Но в 41-м, когда, заключая какую-то свою речь, Сталин (сам!) произнес: «Да здравствует партия Ленина — Сталина!», — это уже мало кого удивило. К тому времени все давно уже привыкли к мысли, что Ленин и Сталин — «близнецы-братья».
Ну, а уж когда Сталин умер, никому даже и в голову не пришло, что его могли похоронить не рядом с Лениным, не в ленинском Мавзолее.
Впрочем, вру. Кое-кому такая мысль в голову приходила.

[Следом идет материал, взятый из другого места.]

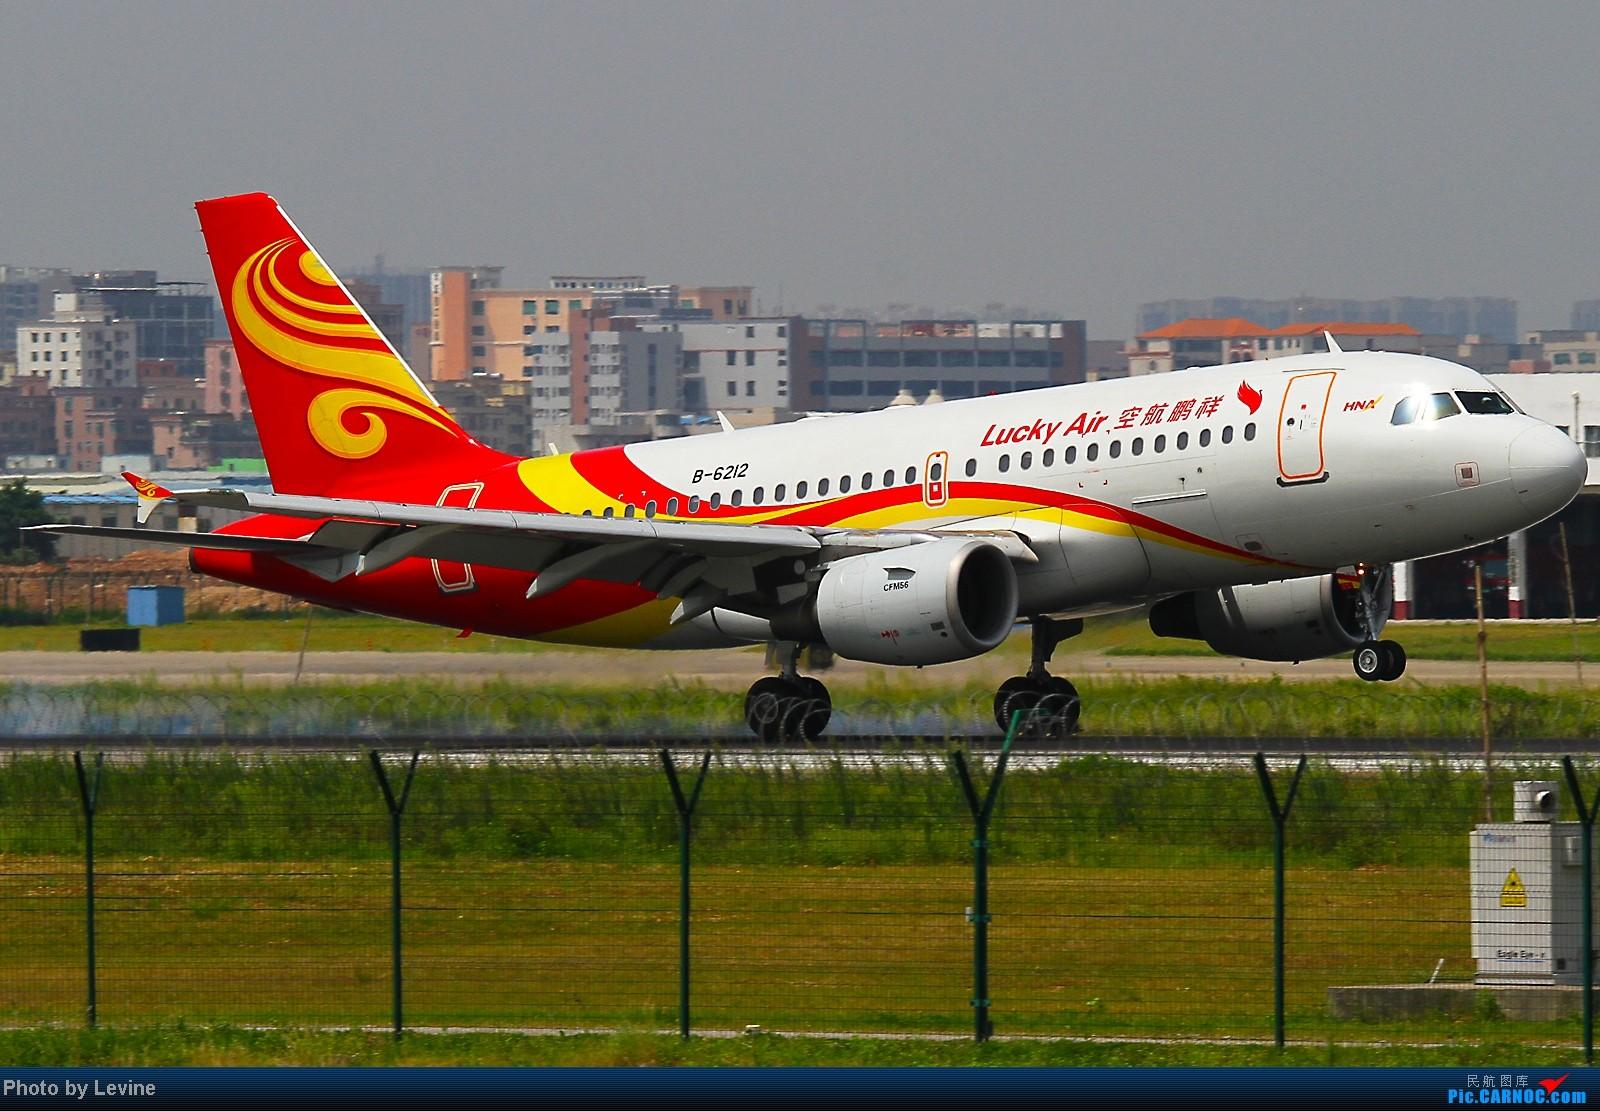 Re:[转贴][深圳飞友会]夏天第一拍 小试牛刀 AIRBUS A319-100 B-6212 中国深圳宝安机场
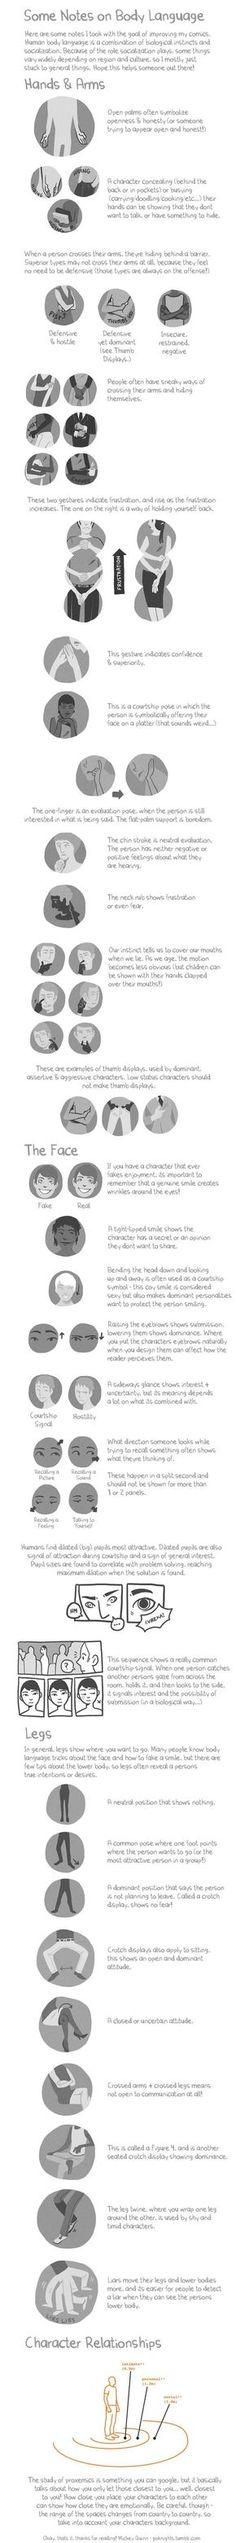 Body Language Reference Sheet - Writers Write

Вот, например, был у нас в ЦДЛ (Центральном доме литераторов) парикмахер — Моисей Михайлович Маргулис. Стриг он не бог весть как. Но его остроты (лучше сказать — хохмы) повторяла вся Москва. А одна из них, даже не самая лучшая, перелетела через океан и долетела до самой Америки, аж до Белого дома: ее подхватил и повторил тогдашний президент США Франклин Рузвельт.
Собственно, это была даже не хохма. Произнося ее, Моисей и думать не думал хохмить: он просто в присущей ему форме выразил то, что хотел выразить. Именно так рождались все его хохмы. А эта родилась в июне 1941 года, в один из первых дней великой нашей войны. Писатели, дожидавшиеся у него своей очереди, толковали о том, что всего важнее в этой войне. Кто-то сказал, что всего важней танки, кто-то — что авиация. Важен экономический потенциал страны, возразил третий. Четвертый заметил, что самое главное — морально-политическое единство советского народа.
— Вот вы спорите, — вмешался Моисей, — а я вам скажу, что главное в этой войне. Главное — вижить.
Именно эта формулировка и докатилась до Рузвельта.
— Мне рассказали, — в какой-то своей речи припомнил он, — что один московский парикмахер так определил, что главное в этой войне.
И с удовольствием повторил замечательную формулу нашего Моисея.
Так вот, этот самый Моисей Маргулис, когда Сталина положили в Мавзолей рядом с Лениным, высказался об этом так.
— Пока, — сказал он, — они еще лежат там вдвоем. Но жировка — на одного.
А ведь до XXII съезда, на котором было принято решение выкинуть Сталина из Мавзолея, было еще довольно далеко. И для многих — очень многих! — людей, особенно иностранцев, Сталин был тогда гораздо более почтенной и, уж во всяком случае, гораздо более известной фигурой, чем Ленин.
Как раз в это самое время приехала к одним моим знакомым в гости молодая американка. То ли родственница, то ли дочка каких-то их американских друзей. Показывая ей разные достопримечательности Москвы, они сводили ее и в Мавзолей. И она так прореагировала на увиденное.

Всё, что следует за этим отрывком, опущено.